World Refugee Day 2014: A visit in Holot, an „open prison“


  „Leaving everything that’s important to you behind you means finding yourself in an insecure future, in a foreign environment. Imagine how it must feel like to spend months, years, and probably your whole life in exile.“
António Guterres Commissioner for Refugees

This year, Desert Rose e.V. and some friendly Israeli NGO spent the 20th June in the detention camp Holot. On the occasion of the World Refugee Day, they wanted to show solidarity towards the prisoners there. Holot,, which is some 80 kilometres to the southeast of Be’er Sheva, is a hopeless place. The landscape is dominated by desert, sand, and barbed wire. Long rows of flat barracks stretch in the middle of Negev desert. The complex, which is twice fenced and protected with barbed wire, has been running since December 2013. Originally, it should have been an extension to Saharonim prison which is situated next door. But it turned out differently, as the „Anti Infiltration Law“ was declared invalid by the supreme court in Israel in September 2013, which lies down that „intruders“ – this is what refugees who illegally cross the border of Israel are called– can be imprisoned for three years in the desert.

The Isreali government was not pleased about this verdict and this is why a new law was passed by the knesset (the Israeli parliament) very quickly on December, 14, 2013. This law shortens the imprisonment to one year, yet an arrest in the open prison Holot is planned after that. There, the refugees have to spend the nights and have to appear to roll call three times a day. The new law also includes that refugees can be picked up in all of Israel and taken to Holot by force. After the change of this law, there were random arrests in the streets of Tel Aviv. The ministry of the interior suddenly denied to extend visas and instead issued a draft card for imprisonment in Holot.

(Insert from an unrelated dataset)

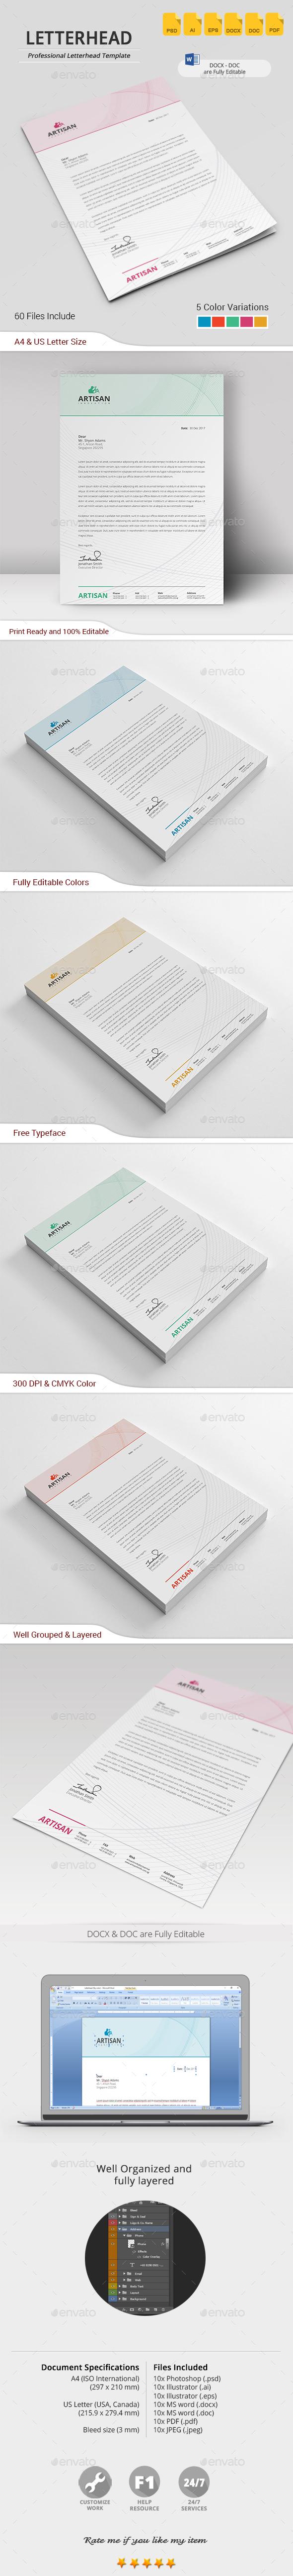 Letterhead — Photoshop PSD #template #paper • Download ➝ https ...

But let us go back to our stay in June. It is ten o’ clock in the morning and it is going to be a beautiful sunny day in Tel Aviv. We meet at the bus stop in the Levinskiy park. Three busses are already waiting. Other busses will start in Jerusalem and in other parts in Israel to go to Holot. The activist Sigal Rozen organises these trips every Saturday. Sigal does not belong to an NGO. When you ask her why she does all this, she says “Why not?“, smiles and continues “What is happening in Holot is wrong and I am shocked about it. If the Israeli government is treating these people like the scum of the earth, this is the least I can do for them!” She is wonderful!

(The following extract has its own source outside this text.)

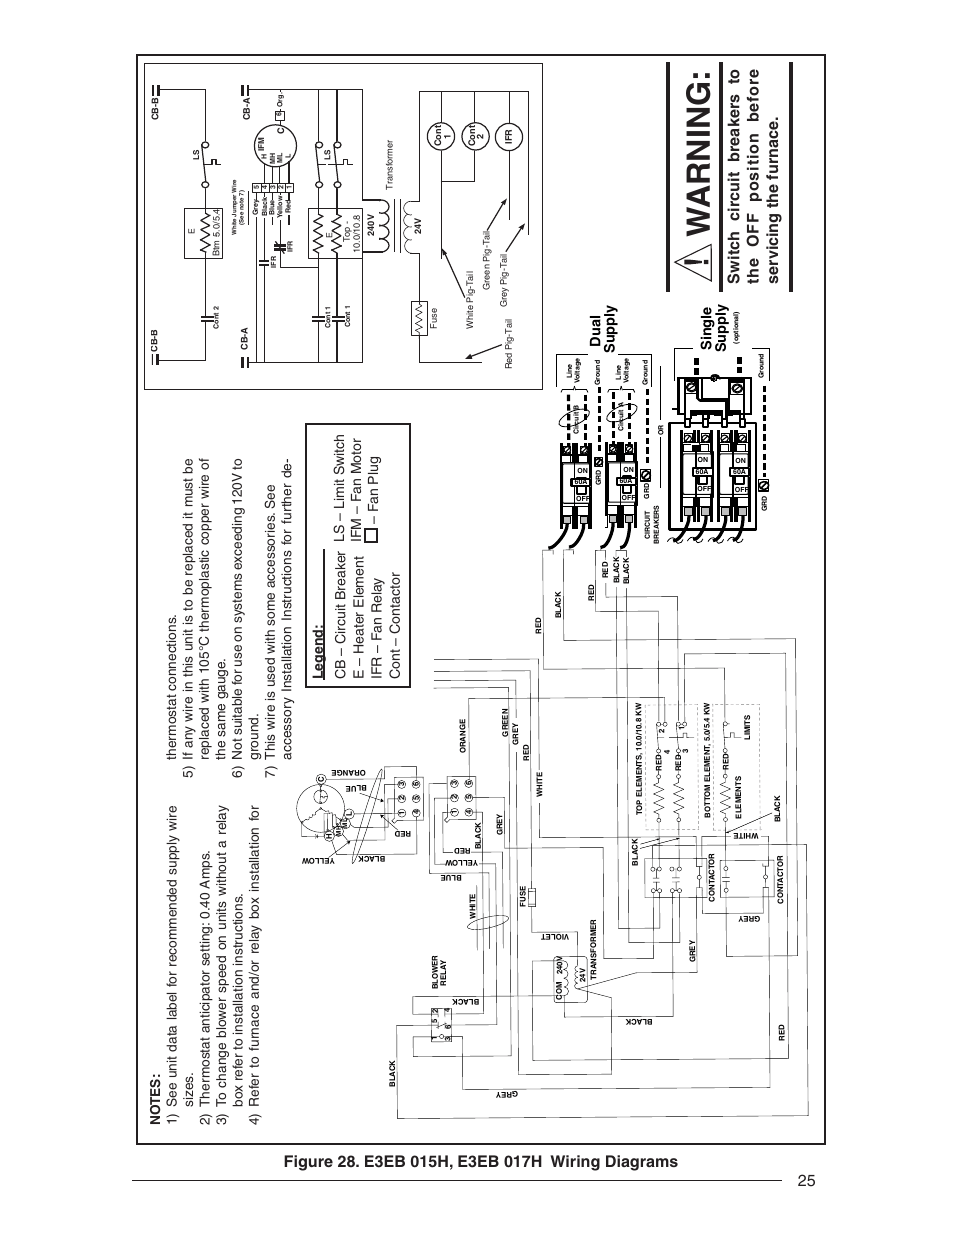 32 E2eb 012ha Wiring Diagram

Those who do not take the busses to Holot, carpool with like-minded people to start the World Refugee Day together with the inmates there. Many of the black Africans who live in Israel fear that they will be taken to Holot soon. Our bus is full of food and water. Musicians are there as well and sing Sudanese, Eritrean, and Isreali songs. Their singing makes the journey more bearable. A 17-year Sudanese sits behind me. His hands look like he is 60 years old and has worked on fields all his life. He does not speak English and only a little Hebrew and Arabic. My Sudanese interpreter helps me talk with the young man. His name is Kenaan and he apologises that he smells of sweat and dust. He tells us that he had been working on a construction side all night and had no time to wash himself in the sea. But he really wanted to catch one of these busses. We ask him why he wants to go there and he replies that his cousin has to stay in Holot. I notice that he feels uncomfortable because he is dirty. I cannot help grinning and Kenaan is starting to laugh out loud and after all the others around us start to laugh, too. Someone offers water and Coke. Then, finally, we have a break. Some people use the toilet, others have a cup of coffee. It’s the simple things in life that connect people with each other, even in those hard hours. After 30 minutes, the journey continues. The closer we get to Holot the more nervous we become. The Sudanese activist Osman says that our visit is particularly important to the inmates. It makes them feel like they are not alone and that they are not forgotten. Osman asks us to talk to every single person, not only to family and friends. Sigal reminds us to not provoke the military and the police and that we should not be provoked by them. Finally we reach Holot and it really does look like everyone has described it to us: bleak.

Author: Rahel Woldemichael
Translation: Nicole Freibott/ Diana Köth/ Melanie Martin

Addition: On 22 September 2014 Israel’s Supreme Court in Tel Aviv imposed to close the controversial “open prison” Holot within 90 days because the long imprisonment infringes the migrants’ rights. Among other things, it was stated in the verdict that “immigrants do not lose their right of absolute dignity just because they enter the country by all available means”. After numerous petitions and demonstrations against the inhumane treatment of African migrants in Holot, critics and inmates are relieved by this verdict. At the same time, many people fear that Israel’s ministry of the interior will create a new mechanism to be able to imprison migrants. It remains to be seen what the value of this recent verdict actually is.